▶ [Action item]: Return the whole listing exactly, omitting the pictures.

***** Provided material

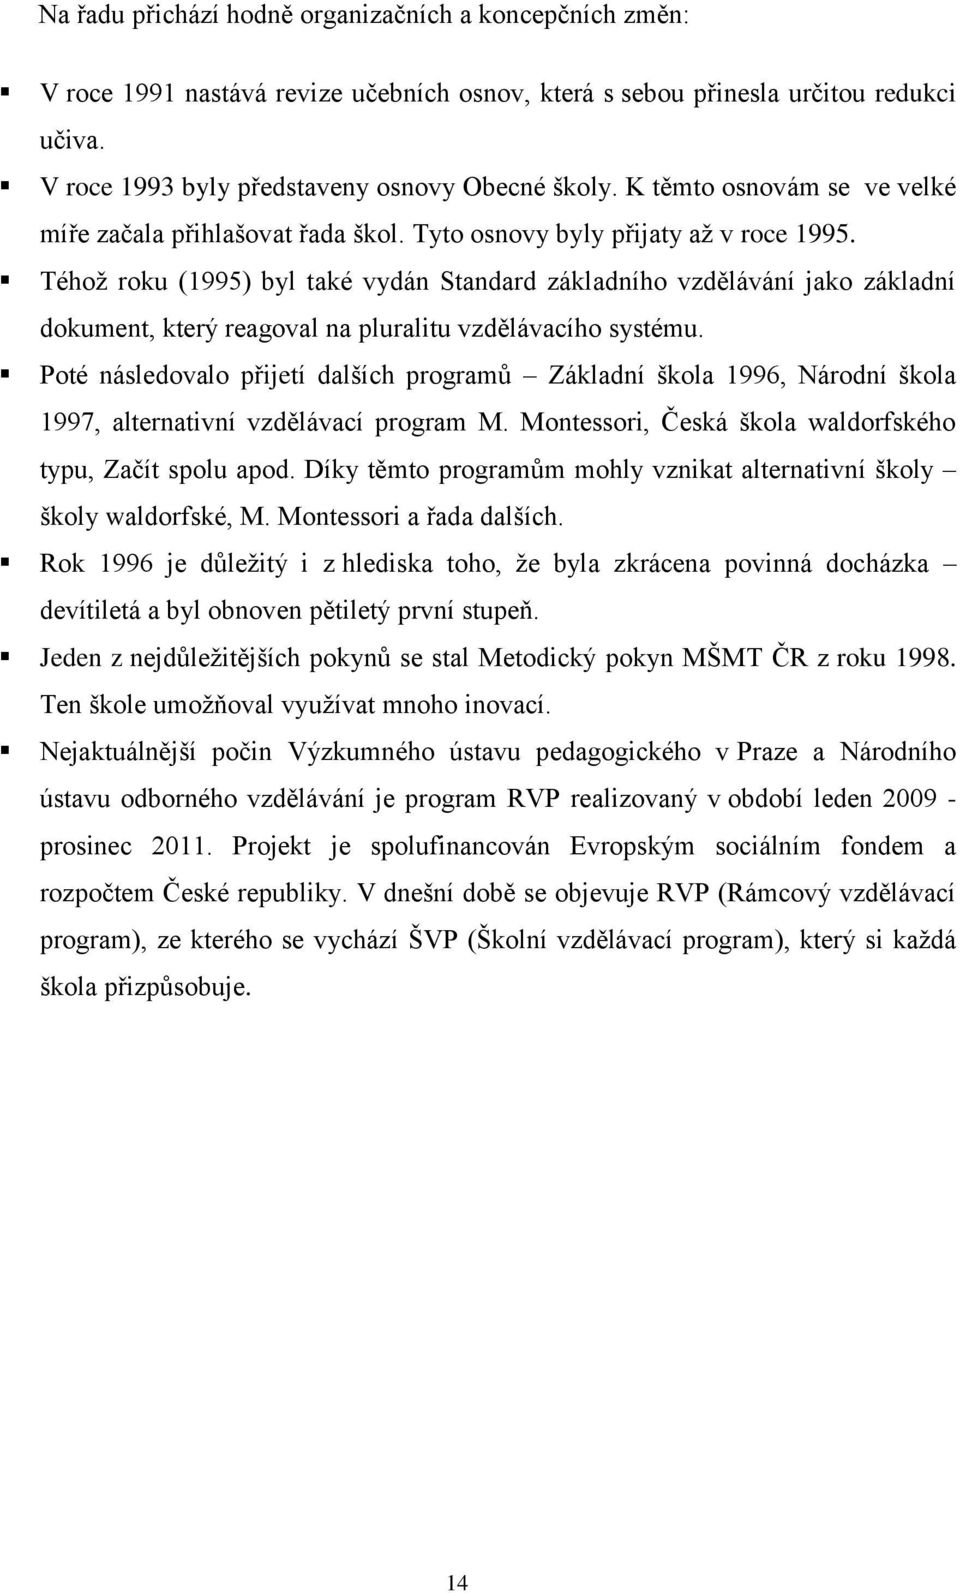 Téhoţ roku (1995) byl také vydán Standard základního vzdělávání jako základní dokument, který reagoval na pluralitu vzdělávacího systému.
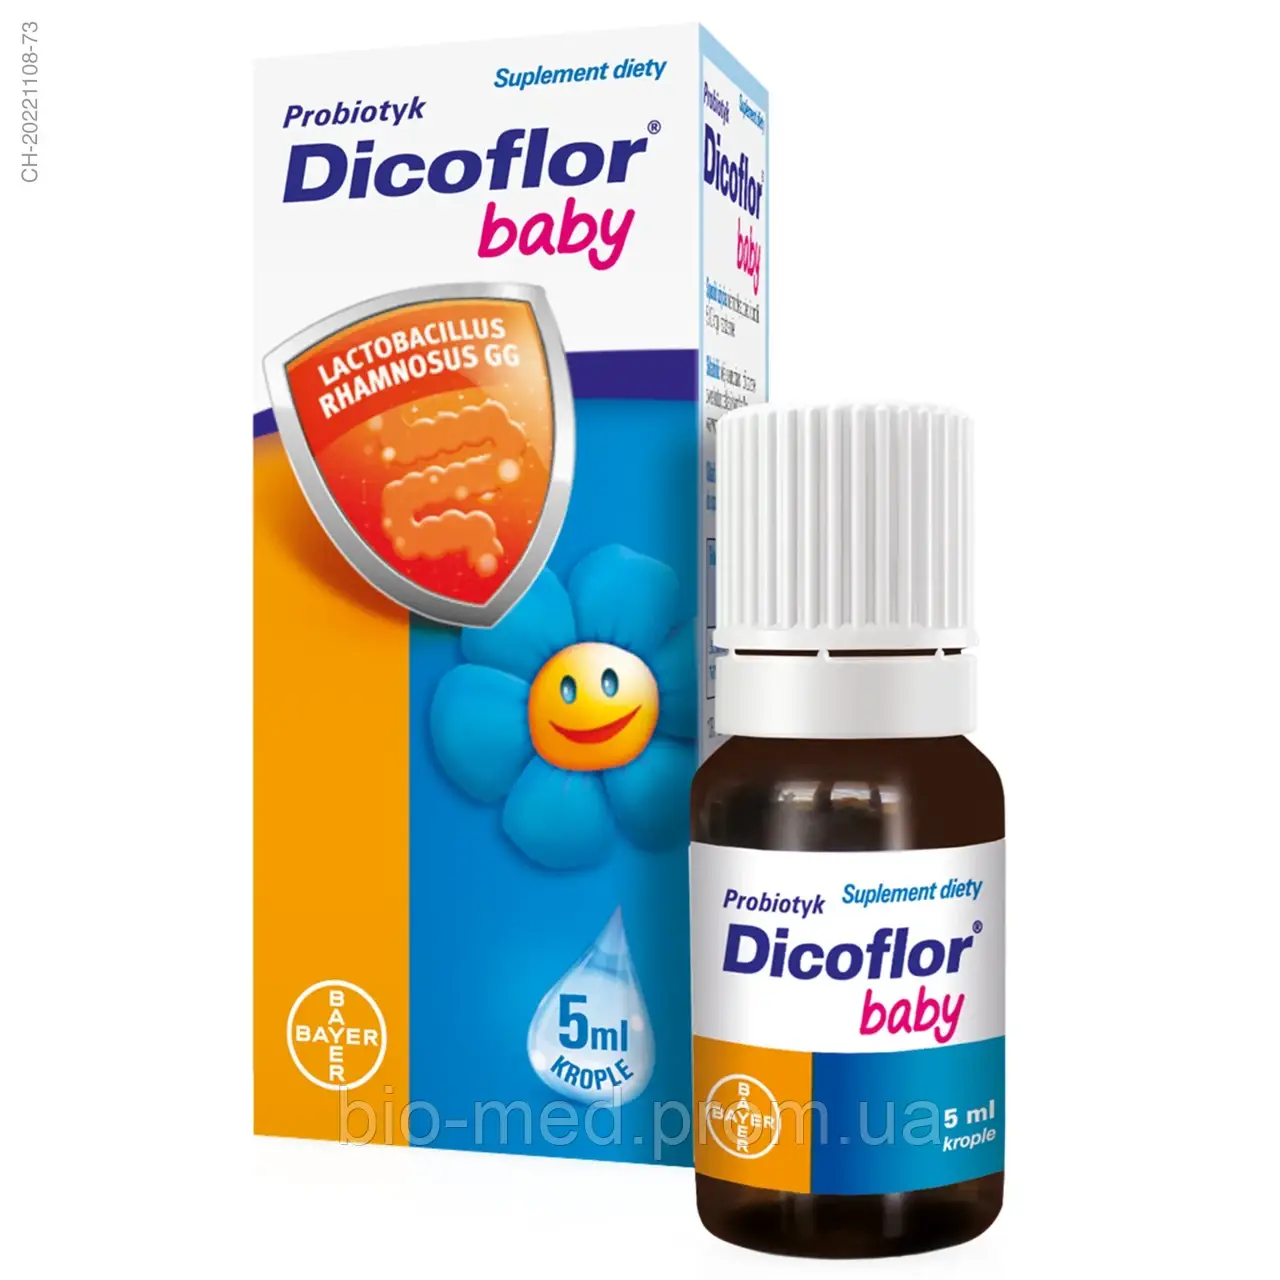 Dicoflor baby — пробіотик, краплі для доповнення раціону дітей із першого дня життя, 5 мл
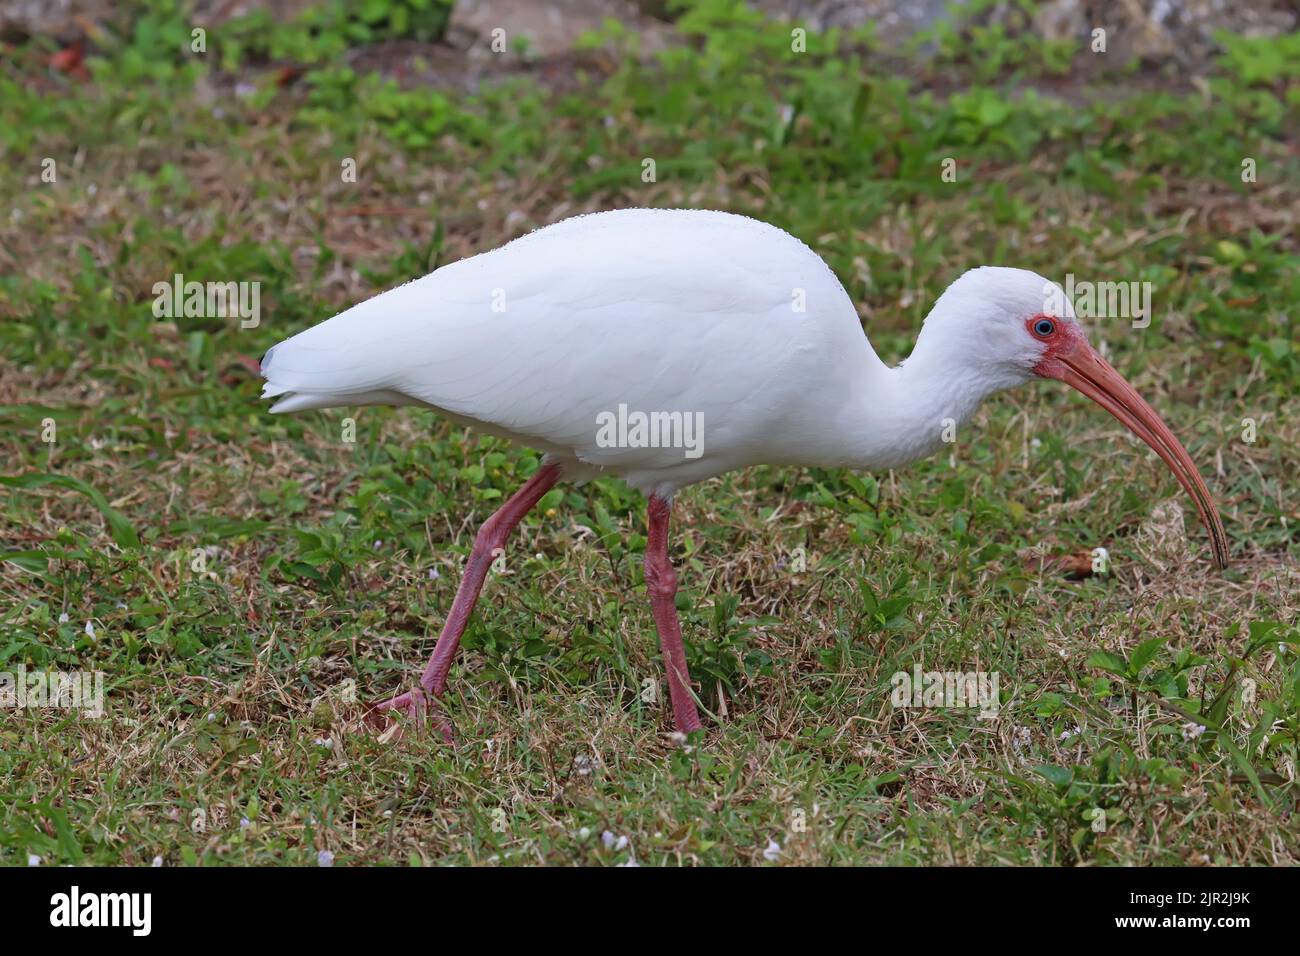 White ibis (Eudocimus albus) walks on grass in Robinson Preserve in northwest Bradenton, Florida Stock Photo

**********

▶ [Response for this exercise]:
 Téhoţ roku (1995) byl také vydán Standard základního vzdělávání jako základní dokument, který reagoval na pluralitu vzdělávacího systému.
 Dicoflor baby — пробіотик, краплі для доповнення раціону дітей із першого дня життя, 5 мл
 White ibis (Eudocimus albus) walks on grass in Robinson Preserve in northwest Bradenton, Florida Stock Photo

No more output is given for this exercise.